======== Extracted entries ========
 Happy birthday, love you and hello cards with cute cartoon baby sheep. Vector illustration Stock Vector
========
======== Extracted entries ========
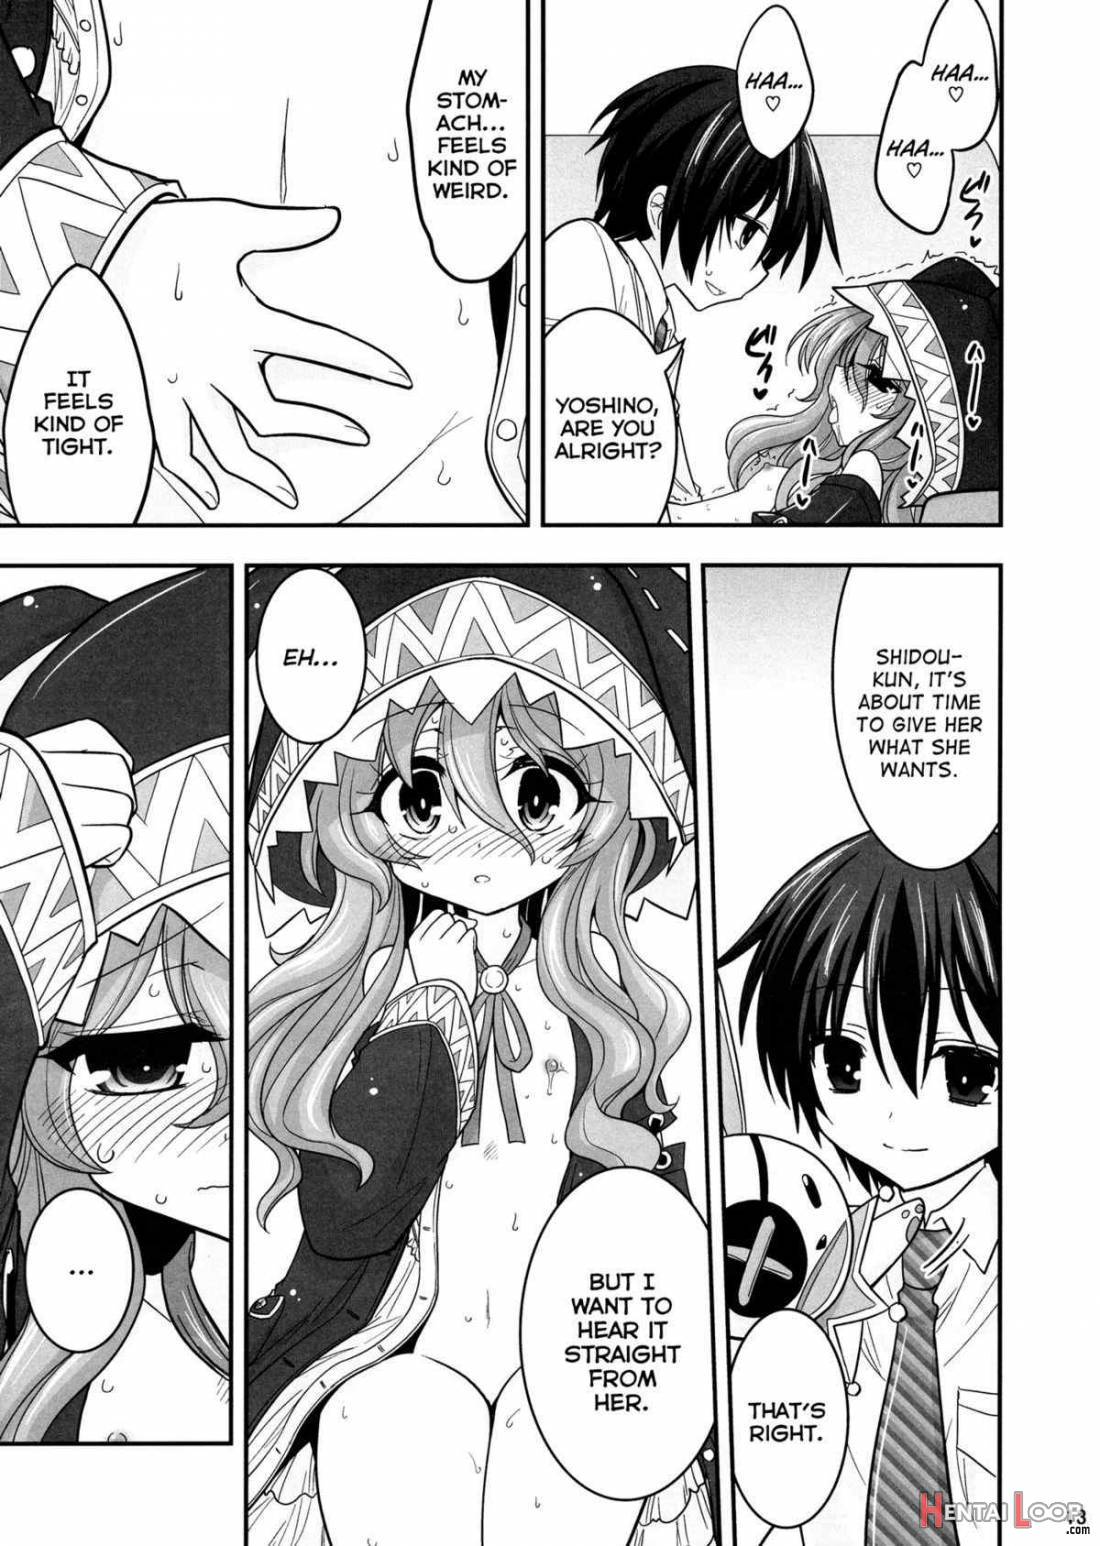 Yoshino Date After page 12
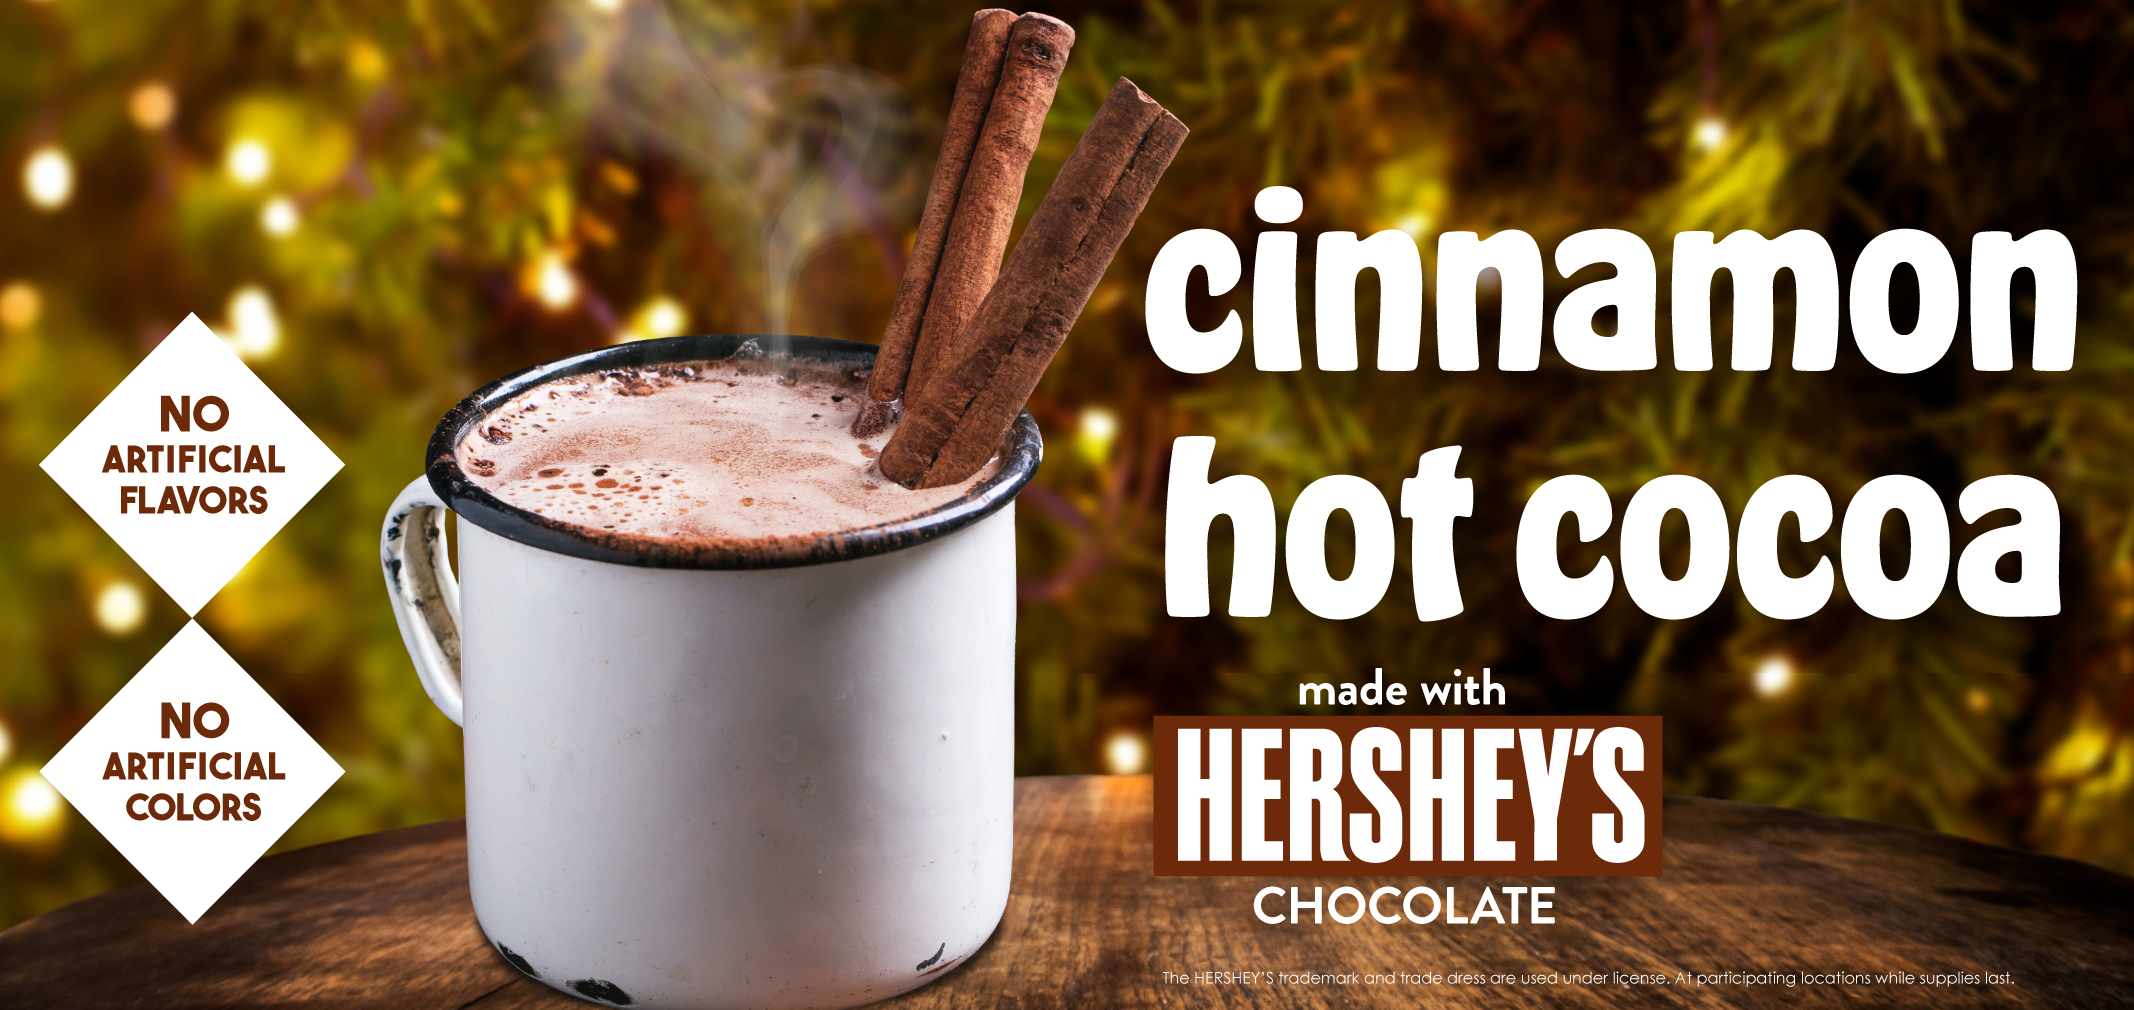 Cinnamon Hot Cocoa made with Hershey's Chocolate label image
========
Required action: Look above for the line with "Yoshino Date After page 12" and the line with "Cinnamon Hot Cocoa". Give again exactly those two lines and all lines between them, pictures excluded.

Response to the task:
 Yoshino Date After page 12
 Cinnamon Hot Cocoa made with Hershey's Chocolate label image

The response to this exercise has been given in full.